▶ Data to process

▬▬▬▬▬▬▬▬▬▬

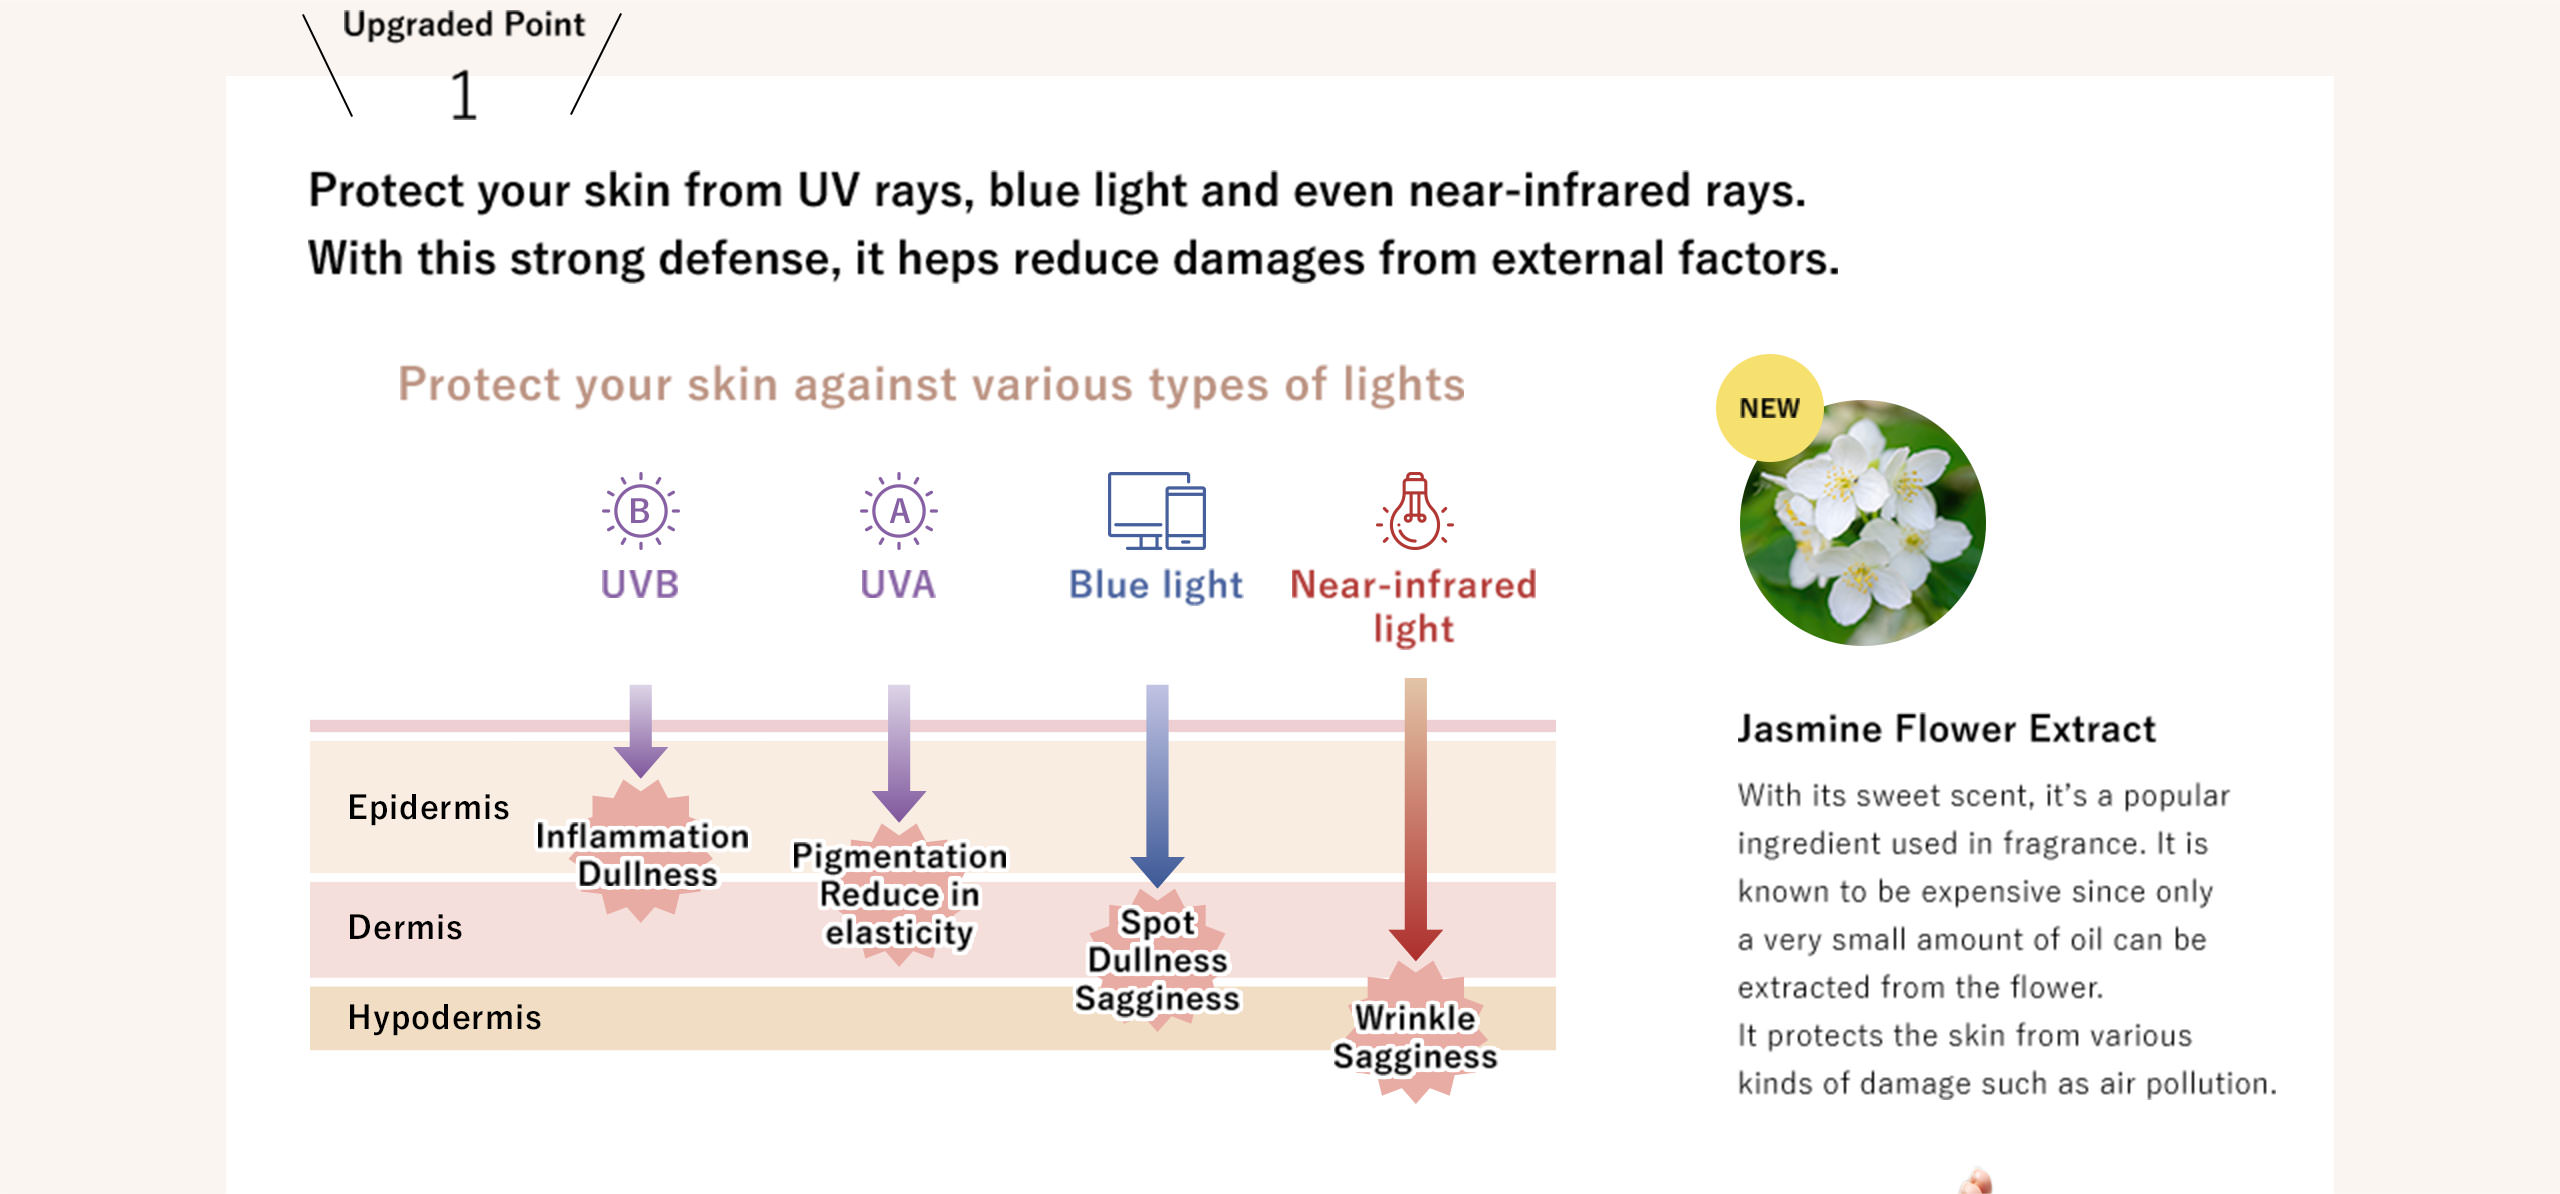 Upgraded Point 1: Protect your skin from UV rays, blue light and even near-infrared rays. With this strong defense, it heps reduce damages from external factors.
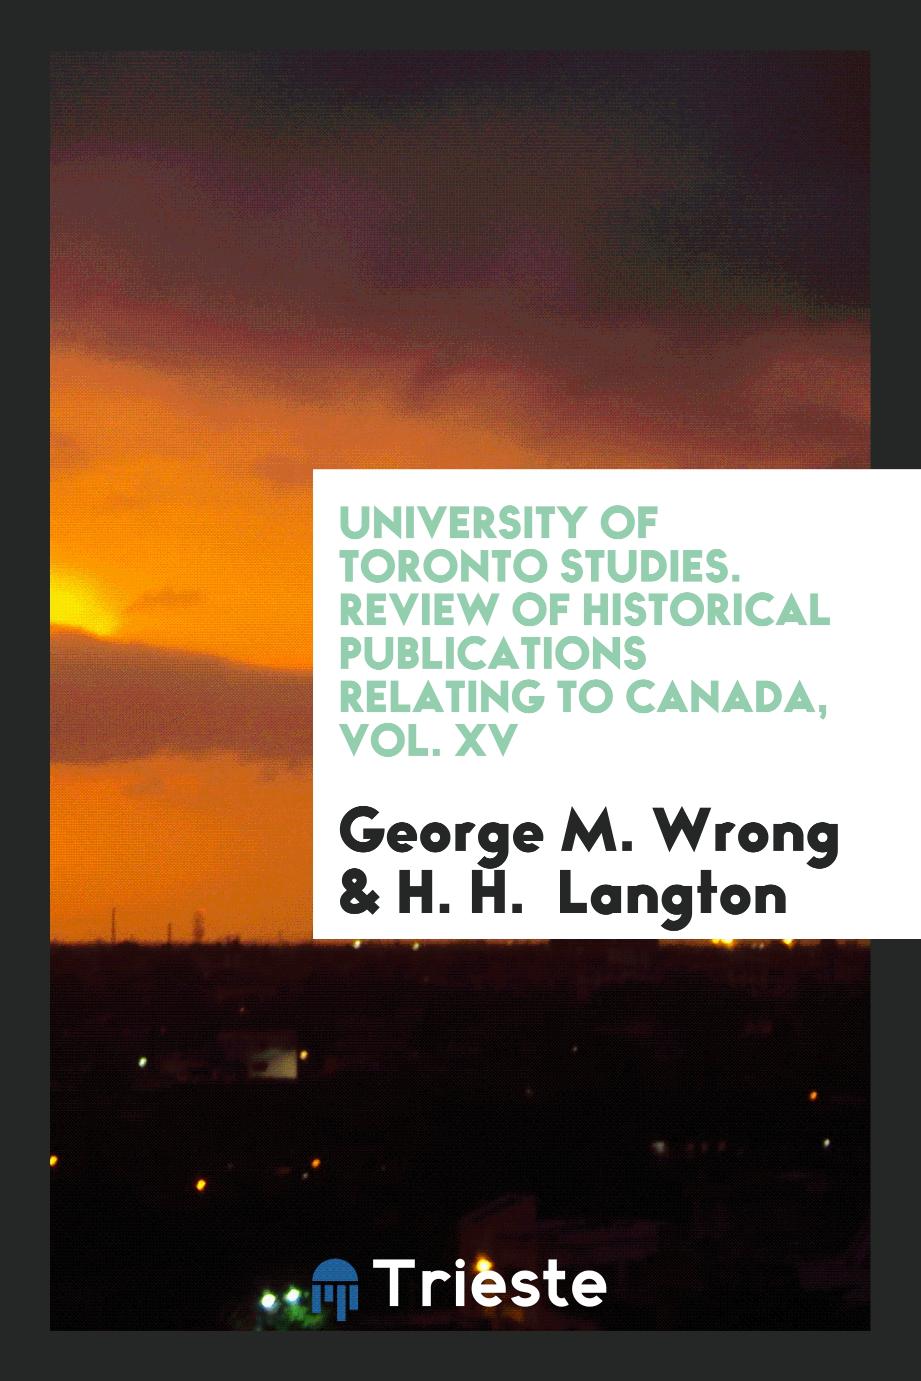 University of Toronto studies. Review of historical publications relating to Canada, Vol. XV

▬▬▬▬▬▬▬▬▬▬

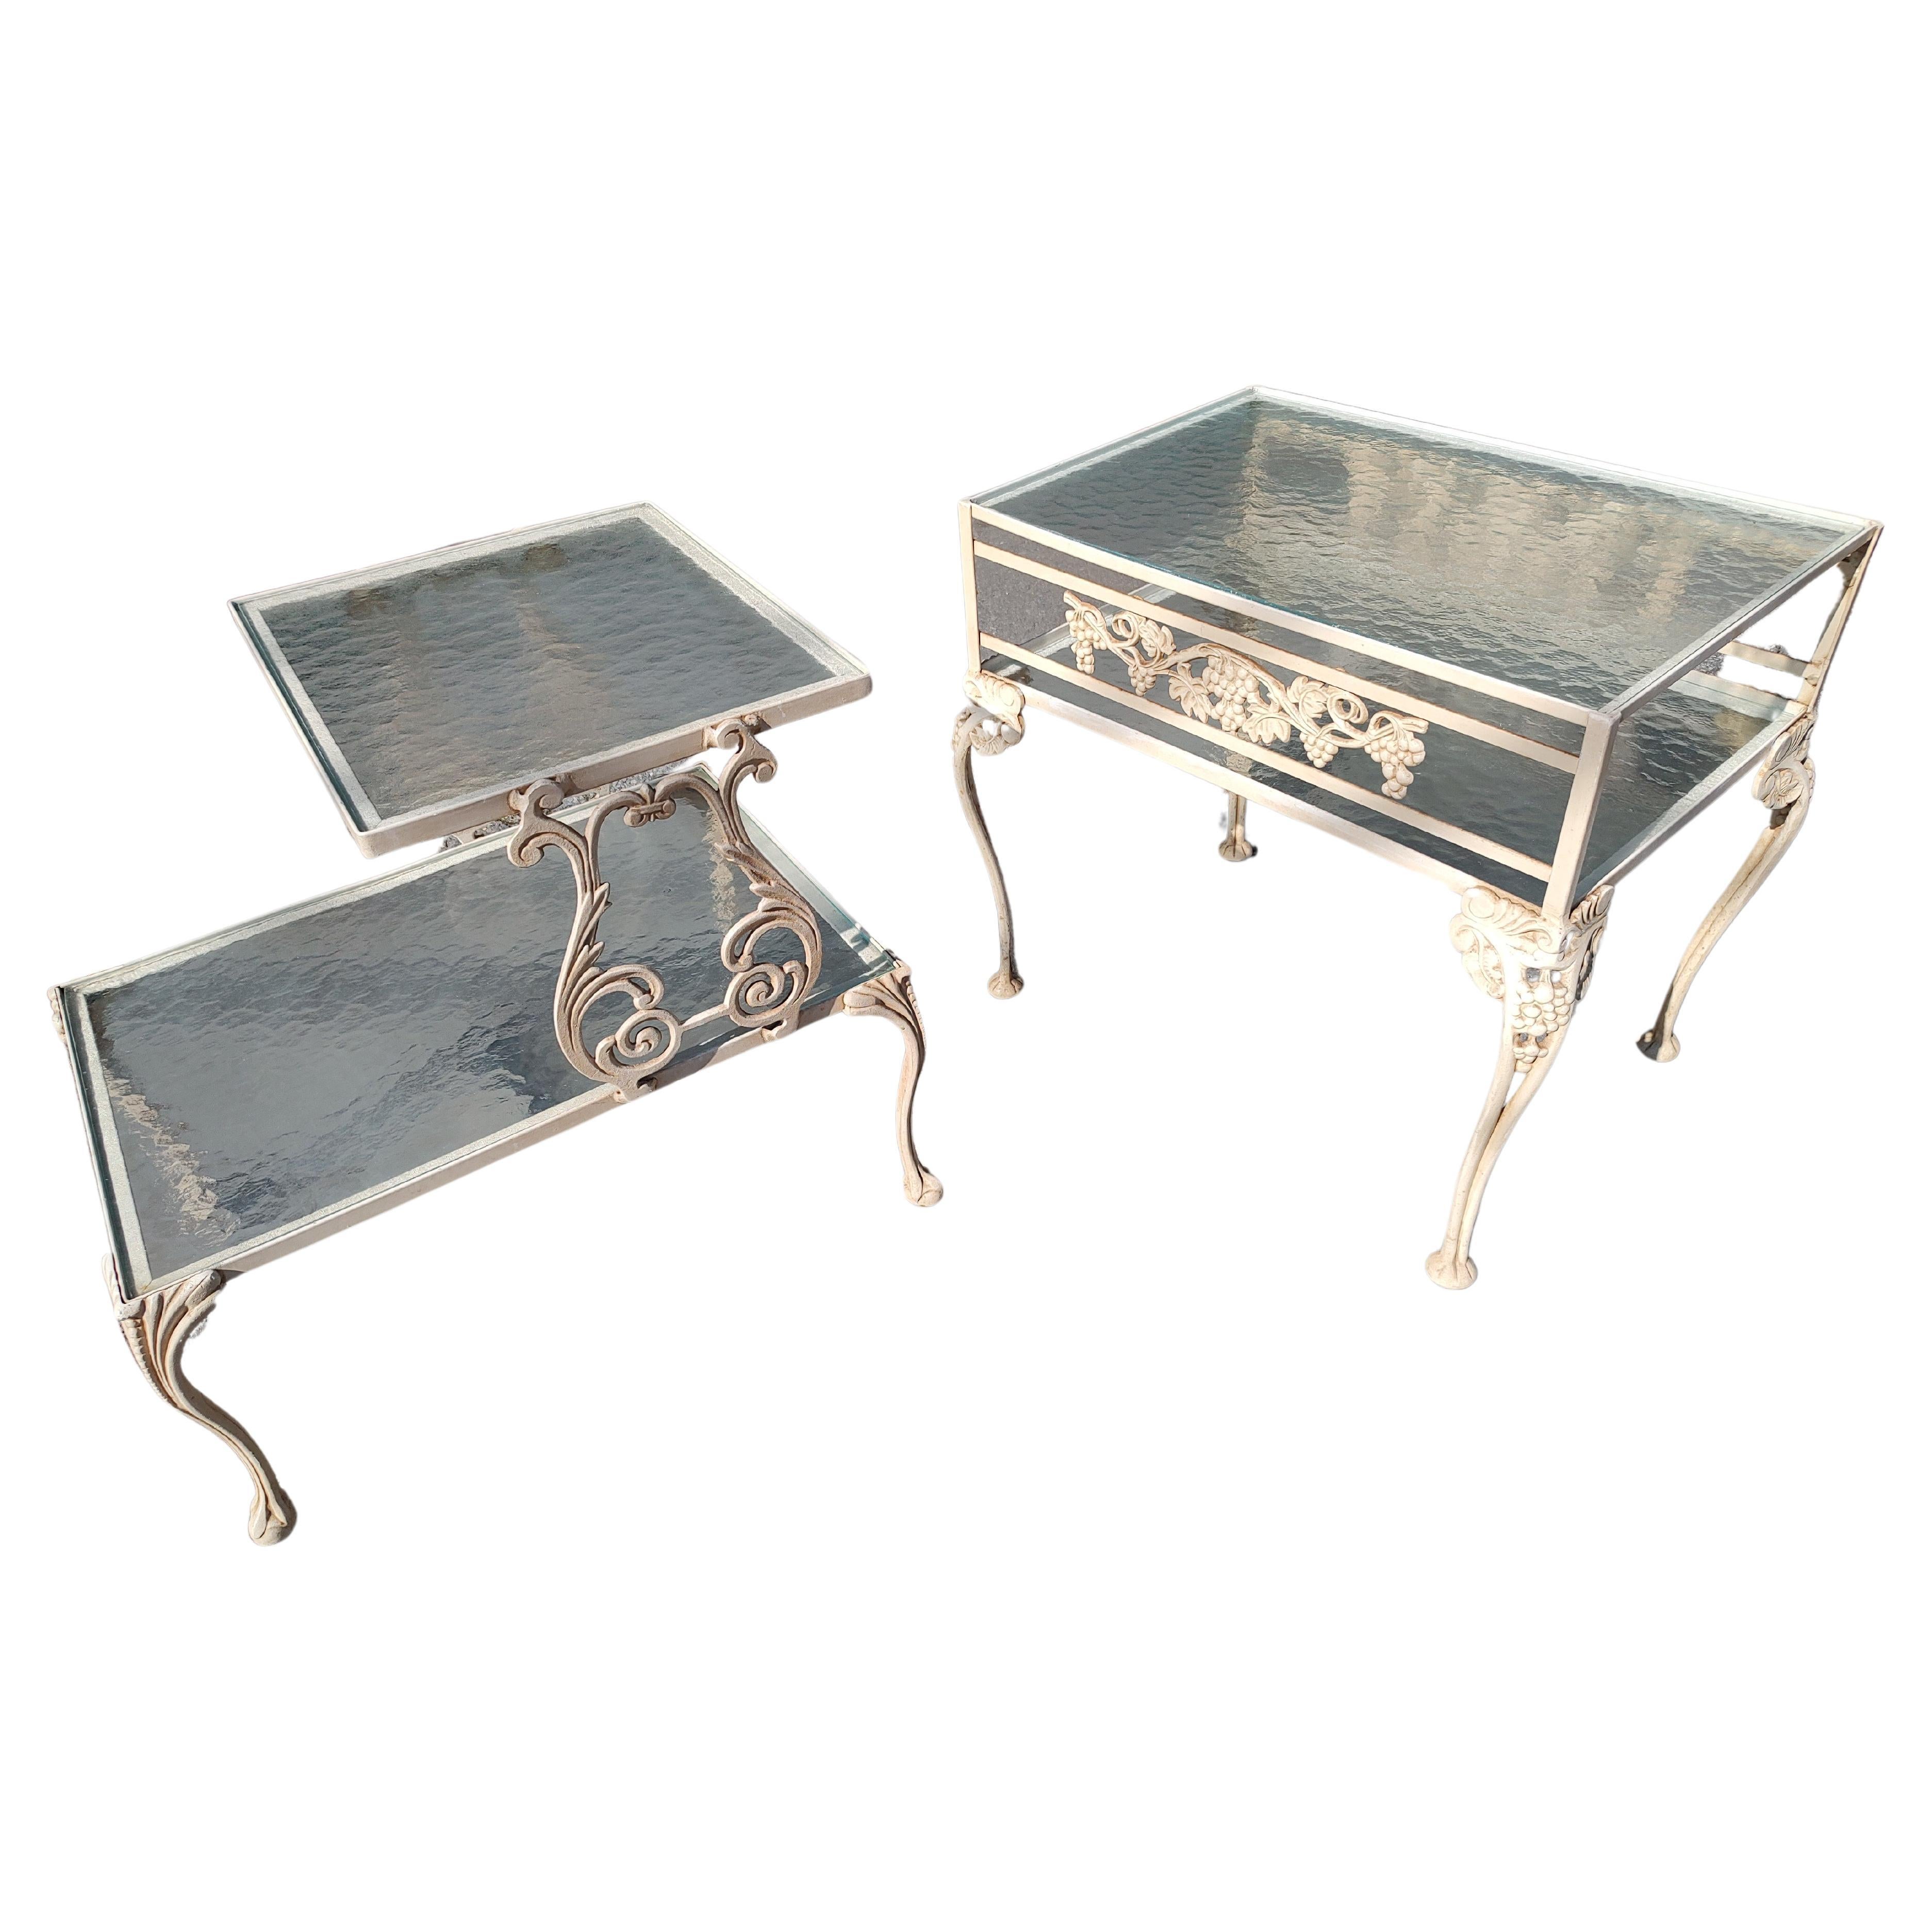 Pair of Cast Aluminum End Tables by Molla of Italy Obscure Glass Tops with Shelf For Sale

▬▬▬▬▬▬▬▬▬▬

▶ Try it
Leaving each picture behind, please give again exactly the lines above from the one with "Upgraded Point 1: Protect" through the one with "University of Toronto", both included, and no others.

▶ The answer
 Upgraded Point 1: Protect your skin from UV rays, blue light and even near-infrared rays. With this strong defense, it heps reduce damages from external factors.
 University of Toronto studies. Review of historical publications relating to Canada, Vol. XV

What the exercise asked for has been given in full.